There are a select few social media users who really put in the hard work to gain the coveted Influencer label and succeeded. That hard work, along with a great personality and a savvy online presence have enabled some to build up huge followings and prosper in their new found roles. The sentiment in the social media universe was anyone could do it! We were all just all a few booty shots away from success. Free luxury vacations were just a few followers away! It seems to be all cookies and cream, but in any gold-rush type situation there are always possible dangers. As it turned out, fake social media Influencers were (and are) popping up everywhere. Companies were so eager to get a piece of this marketing pie that they'd throw ad dollars at these fake influencers, who aren't quite what they presented themselves to be.

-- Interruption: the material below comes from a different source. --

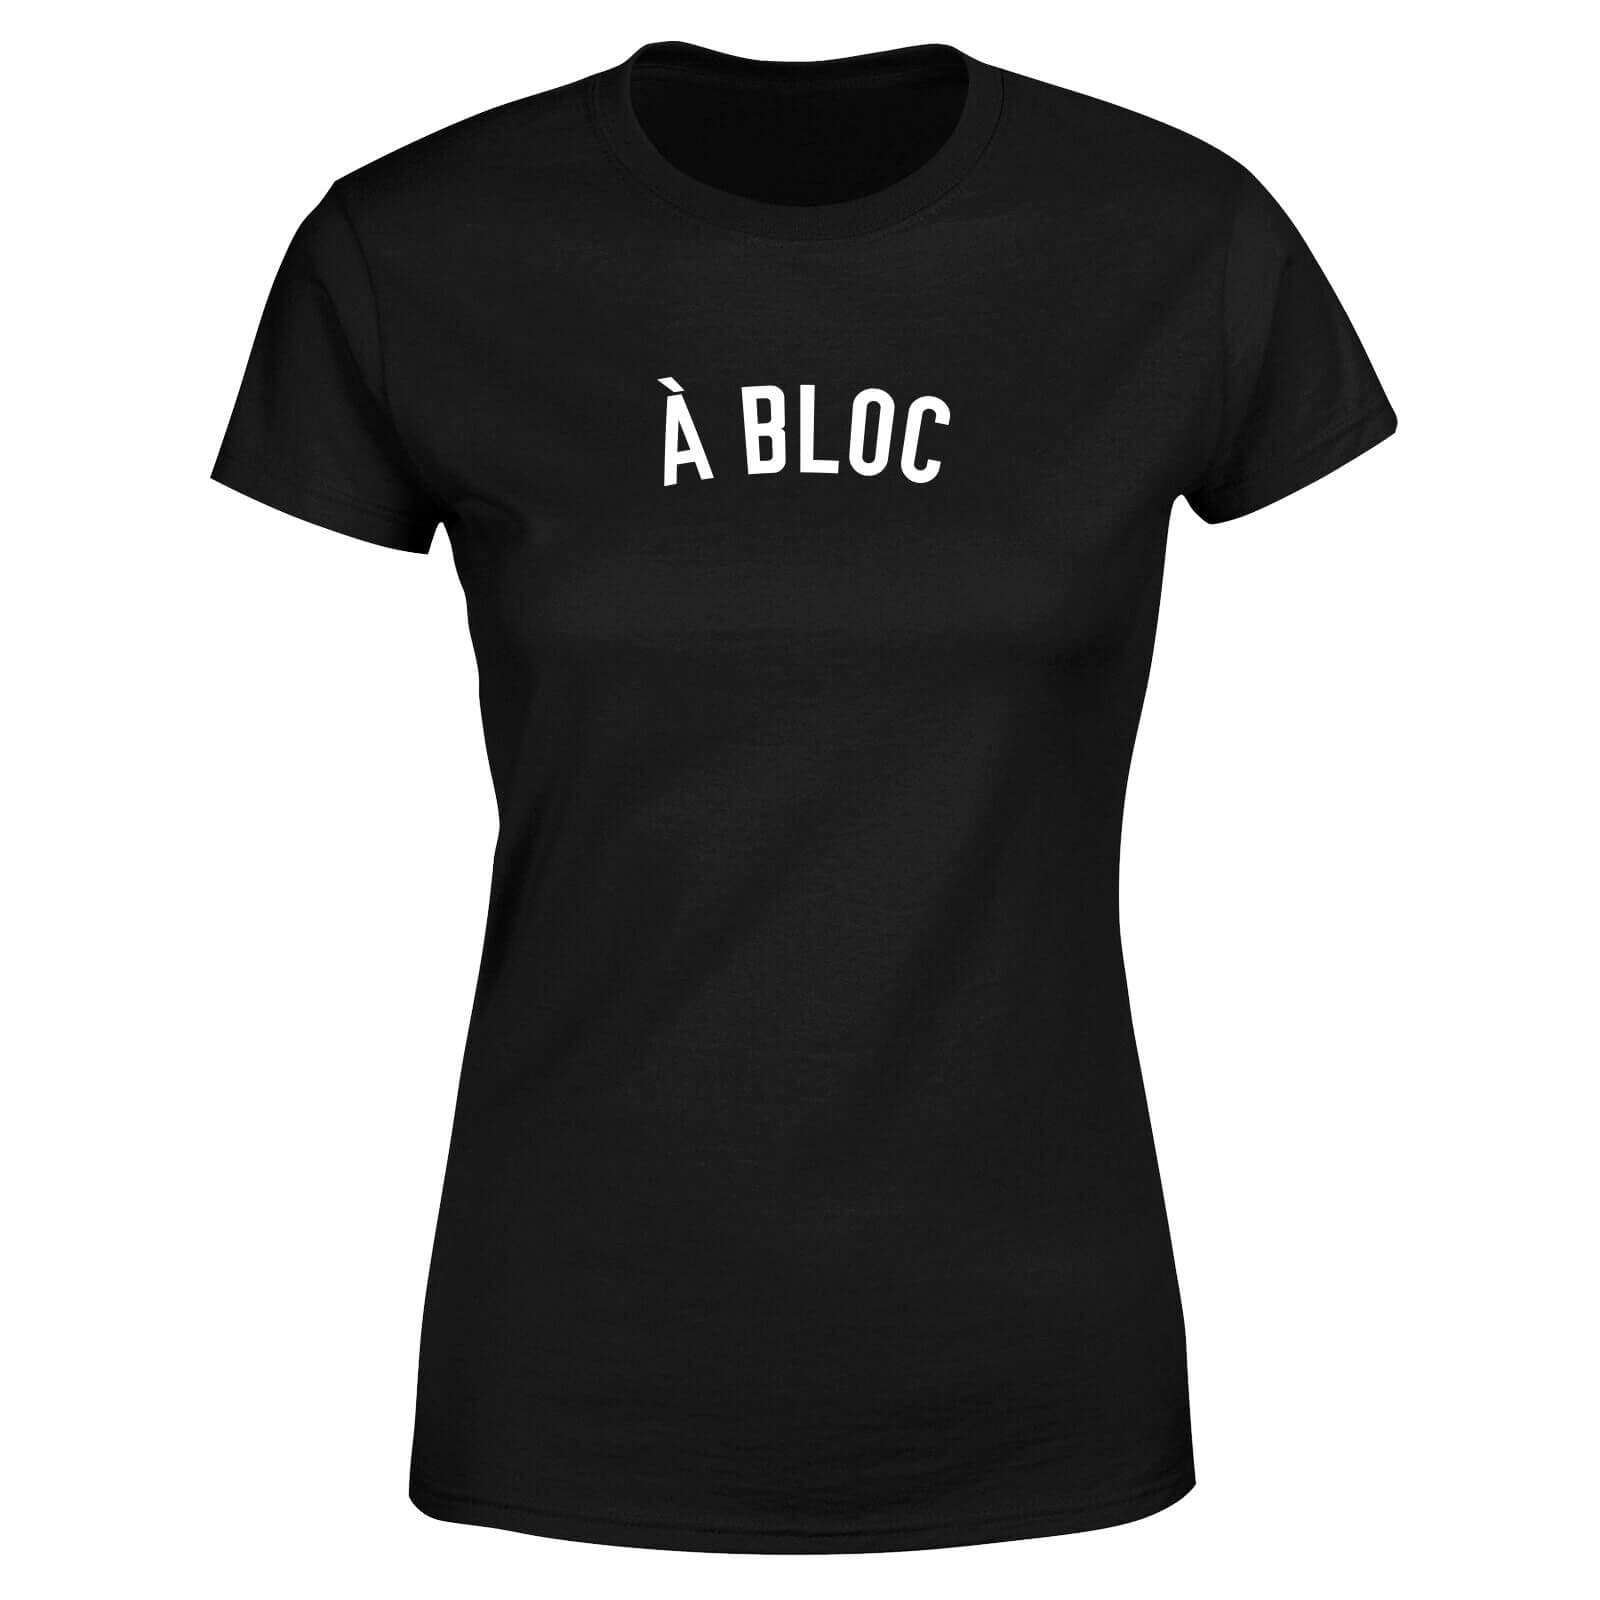 A Bloc Women's T-Shirt - Black - XXL - Black

Fake Influencers try to game the system by purchasing fake followers, fake likes, and they even post fake sponsored content to fool legitimate advertisers into thinking they are "Influencer worthy." They what? They fake brand deals. There are plenty of examples of wanna-be Influencers posting fake sponsored content using the old "fake it to you make it" method. Users would scroll through their feeds and see posts for products or local venues that for all purposes appear to be paid content... but aren't.

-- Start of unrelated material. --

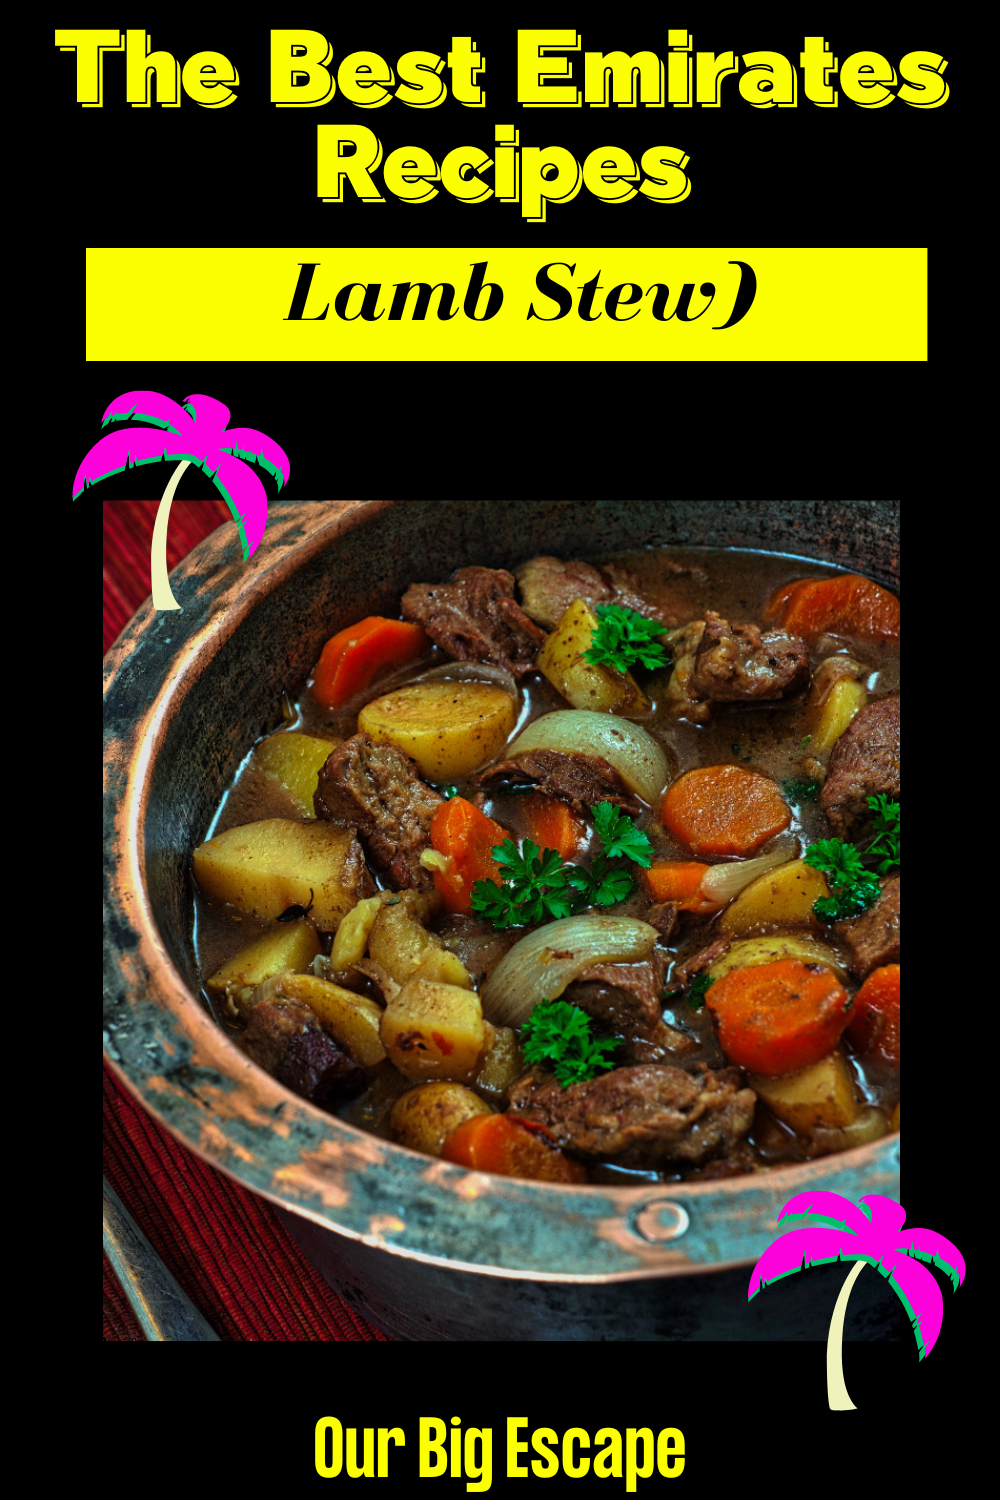 14. Tharid (Emirati Lamb Stew)

This appears to be extremely strange behavior on the surface, but it's wildly prevalent. Prevalent to the point where it can be difficult to tell a real sponsored post from a fake one... Why? Why would otherwise normal people do this? Well, part of it is people are desperate to succeed in the role, but there is also an aspect of this that is pure vanity and the need to appear more popular online to friends and followers than you really are. You've probably even seen it. That photo of the wanna be Influencer holding a coffee cup in a local coffee shop-- just so-- and the obligatory "OMG! --Love my @Rooks coffee..." with tags to official company profiles. The thinking on the wannabe is Gee, if I post a photo of myself sitting here looking like I'm getting paid to drink coffee I'll impress my friends and followers..

The Influencer Backlash

It all seems harmless... but these Influencers are on the offensive! What sparked my interest in this topic was reading an article roughly around last Christmas about a resort owner who was fed up with "Influencers" offering to pay with "exposure," and the resort owner took to social media himself to plead for these people to stop...and just bring cash. In actuality, there is a big backlash in the resort business where self proclaimed "Influencers" drive resorts crazy asking for, or even in some cases demanding free stays. A quick Google News search will reveal lots of these stories.

Last week I read a great story about an ice cream truck owner who was so sick of the same behavior-- people approaching his business and wanting free product because they were "Influencers" and were going to promote him on social media. The owner was so fed up with the antics he posted a sign in his vehicle that "Influencers Pay Double." What a great move!

CVT Soft Serve owner Joe Nicchi is making Instagram influencers pay double for his ice cream. Joe Nicchi

This is also something that happens in the photography space, as well. Petapixel recently had an article about someone who identified themselves as a PR person contacting a wedding photographer and more or less demanded free coverage for a client "Influencer's" wedding. The full exchange between the targeted photographer and the agent of the influencer can be read on their blog post. The photographer didn't feel there much value in it for them, and politely tried to decline the "offer" and were pounced on by the Influencers PR person. "Team Influencer" didn't like the idea of the photographer questioning their offer, and threatened to social shame them. Not cool. This story did get some traction online, as well.